MMmmm, not sure what to say here. I’ve watched these types shows over many years .
The show stated with Justin Timberlake – isn’t he American? In recent years the show has become more and more Americanized.
But is it more that the mega super cities are now a globalized culture unto themselves – this show might have been in New York, Monaco, or Tokyo? The music would sound more or less the same in any major world city – some retro Ed Sherran (he reminds me of Tracey Chapman), some rap, some dancers in sexy outfits, one rock band and spattered with a few reality TV show winners.
Where is any unique indigenous culture then? Perhaps the major cities don’t have any anymore – with their AirB&Bs, over done Xmas lights, major chain stores.
Those of us who don’t live in a huge world super cities lost touch with what these places are about? Do we really want to visit Rome to find it is the same as New York? Or that Paris is the same as London? Don’t we want to have unique cultures, arts and heritage and yes music, that we care about?
These 'cultural shifts' are important also for our present day political confusions. Many of us are confused. The mainstream supposedly ‘free press’ feeds us gossip rather than any authentic investigative journalism. (while there are pockets of enlightened journalism). Meanwhile the old tabloid foreign owned press feeds the older generations lies.
I live north of Glasgow, which is also a major cosmopolitan city, and I have access to some of the most beautiufl countryside – Loch Lomond, Campsies, Trossachs.
Glasgow is rather unique – it has an abundance of small, mid and large venues for all kinds for musicians to meet and play. And there continues a healthy grassroots music scene. Each January Glasgow hosts the world's largest folk, roots and world music festival, which brings together American, traditional. Gaelic, Celtic (Quebec, Basque, Brittany) Irish, Shetland and Orkney islands – with pipers, singers, guitarists, songwriters, composers. Celtic Connections mixes contemporary influences long with oral and musical traditions.

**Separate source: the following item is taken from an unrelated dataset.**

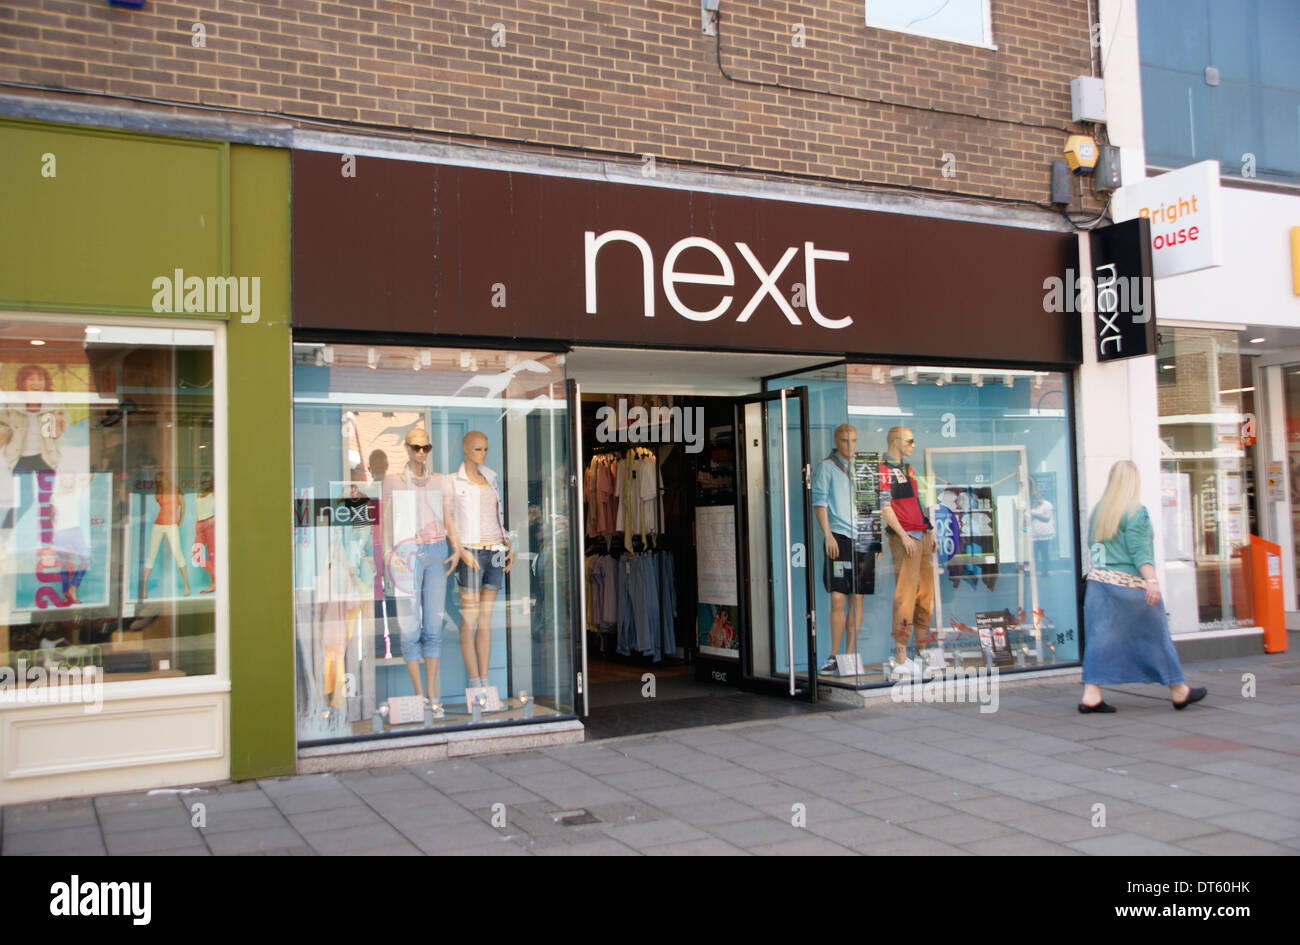 Next fashions high street retailers Worthing West Sussex UK Stock Photo

We want to collaborate with different places and offer unique work – but not at the expense of loosing individuality and difference, because that only leads to blandness and a homogenised world. To produce quality in the arts we must know our own stories.
These major labels reject indigenous, organic heritage and culture unique to different regions.

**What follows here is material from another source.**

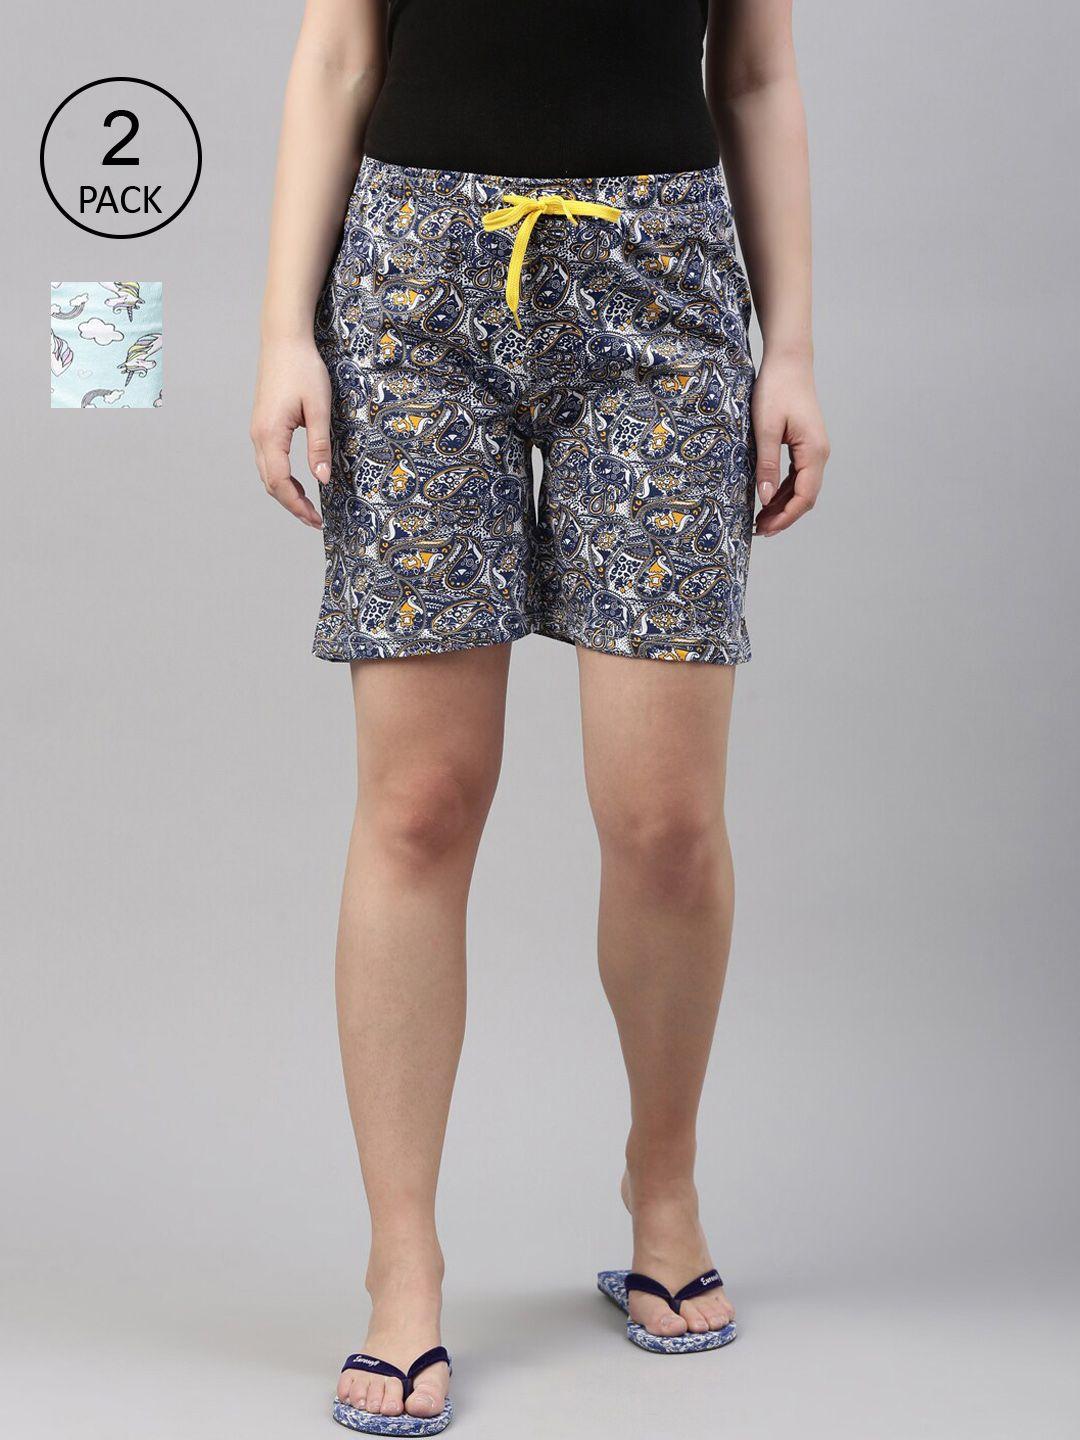 kryptic pack of 2 women blue conversational printed cotton shorts

The Irish and Scots took their music over to America’s Smokey mountains, new Orleans – where it missed with ragtime blues, sea shanties, French Cajun, slave work songs and cowboy songs.
“You hear all the finer points and you learn the details. “ Bob Dylan.
‘I had all the vernacular down. I knew the rhetoric. None of it went over my head – the devices, the techniques, the secrets, the mysteries – I knew all the deserted roads that I travelled in too. I could make it all connect and move with the current of the day.’
Understand the finer details
Dig deep, to understand the stories.
We must not ‘break into smaller pieces’ – it has to be about balance though between being international and looking outward, but in order to do this well we must first know and understand our own stories. We must be national in order to be also international. The most successful artists know this instinctively.
The switch from Ethnic Nationalism to Civic nationalism
States in Europe are no longer about ‘ethnic bases’ controlled centrally – now they are more about citizens rights to speak their regional languages This is a long switch from ethnic to civic nationalism, which has been happening in Scotland too. This is causing tensions. Europe hundreds of years ago had large empires (such as the Habsburg empire, the holy Roman empire) – Europe is now a place of numerous nation states.